At Absalom’s Point he lay on his oars for a moment, debating whether it might not be better to row across the bay. It was a calm night and he could have made it in safety. Nobody would think of looking for Janet over there. But it was fifteen miles and he couldn’t possibly get back before daylight. Nor visit her there. No. Better the ships. So he turned the point and rowed on up the wide river, passing along the other side of the village.

The sight of Janet bowed and silent under her blanket wrenched him with pain. After what she had been through what could he say to her? To have tried to make light talk would sound like mockery. In the end it was Janet who spoke.

“Where was Fanning when you came aboard the yacht?”

Neill thought her mind was wandering. “Never mind him,” he said, gruffly. “He won’t trouble you any more.”

“Did you kill him?” she asked, simply.

“Don’t want to talk about it,” said Neill.

“All right,” she said, perfectly docile. “Nothing matters as long as we are together.”

He hated to think of leaving her alone in her present condition. But there was no help for that. It would be impossible to trust anybody he didn’t know to take care of her. Travis County, Maryland, was a peninsula remote from the great world and he judged that its people at the best were inclined to be suspicious of strangers. Somehow or other he must take care of Janet, and save her, too.

“I’m so thirsty!” she presently murmured, like a child.

Neill’s heart sunk for he had forgotten water. He looked along the village front. It would not be too easy for a stranger to obtain water. If he went to somebody’s well it would lead to awkward questions. And he had nothing to carry water in.

The main and only road into the village came down along the river shore before striking across the neck to the harbor in front of Longcope’s. Midway along this road he distinguished the lighted front of a store. One could always buy something to drink. In front of the store the usual little pier ran out into the river. The water was shallower on this side and it was a long pier. Janet could remain hidden in the dark at the end of it.

He hesitated.

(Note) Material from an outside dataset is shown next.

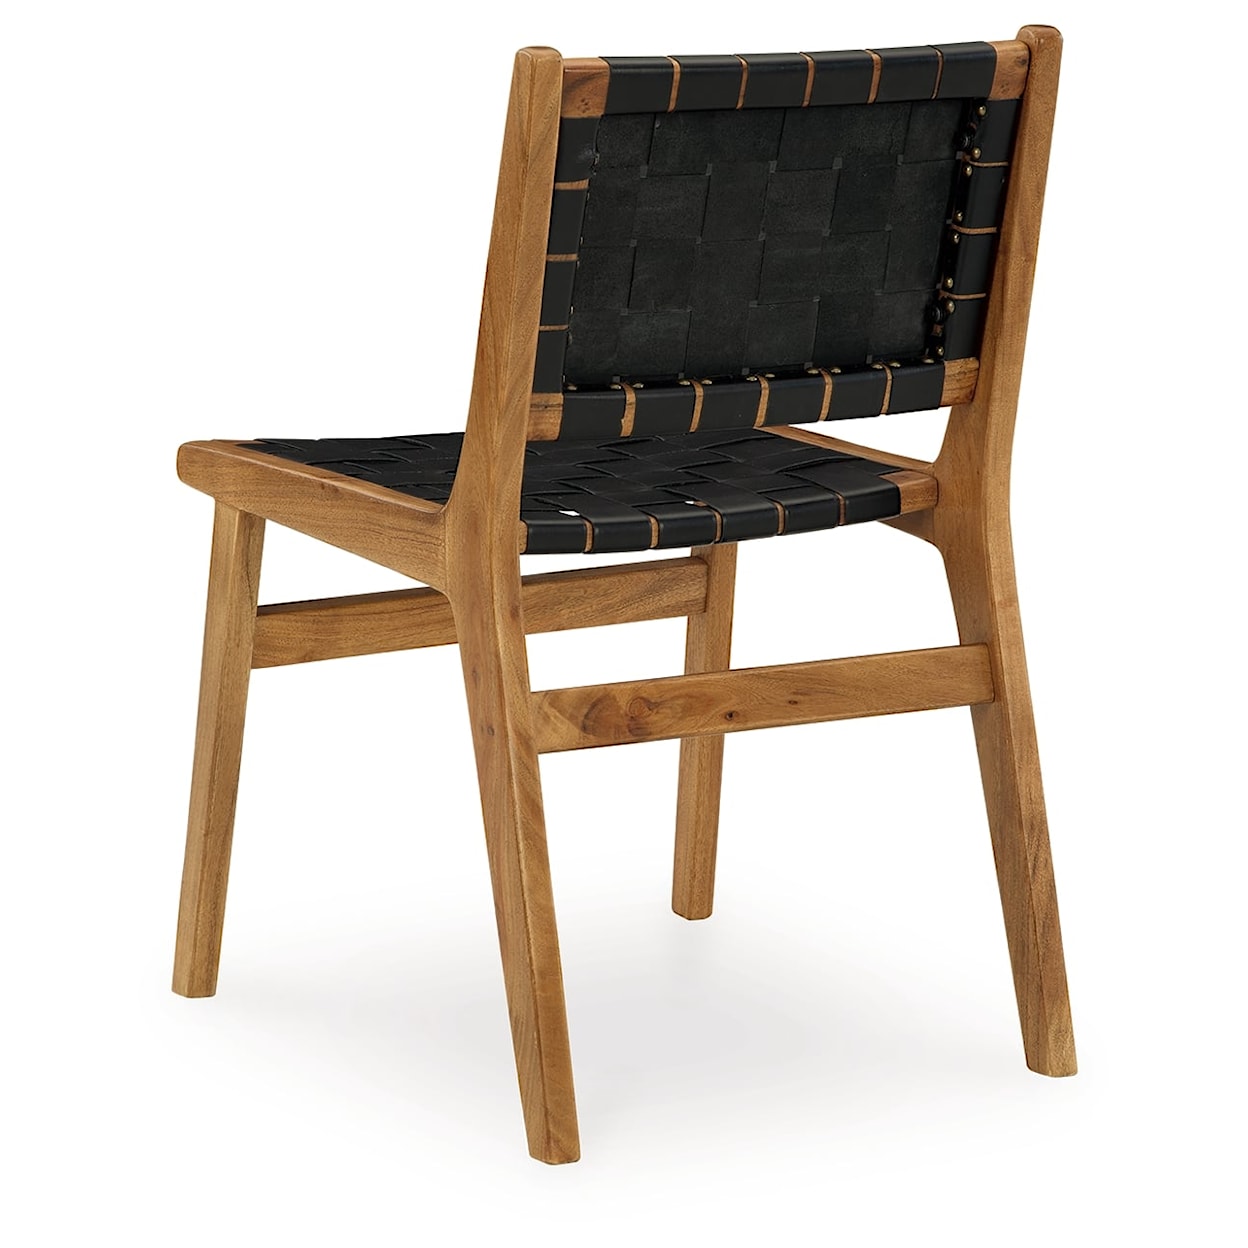 Ashley Furniture Signature Design Fortmaine Dining Chair

There was a terrible risk in landing now. If he were seen he would be remembered. However, it had to be taken. He rowed in and tied the skiff to the end of the pier.

“What’s this for?” she asked, nervously.

“I’m going to get water for you.”

“No. No. I don’t want water.”

“We’ve got to have water.”

“Can’t I come with you?”

“Your dress would attract too much attention.”

“Ah, don’t be long,” she said, with a catch in her breath.

He walked in over the creaking planks, climbed the bank, crossed the road, and entered the store. It was a much smaller and tidier store than Longcope’s and business was not so good. The little old man who kept it was grateful to the unlooked-for customer. Neill bought two bottles of carbonated water.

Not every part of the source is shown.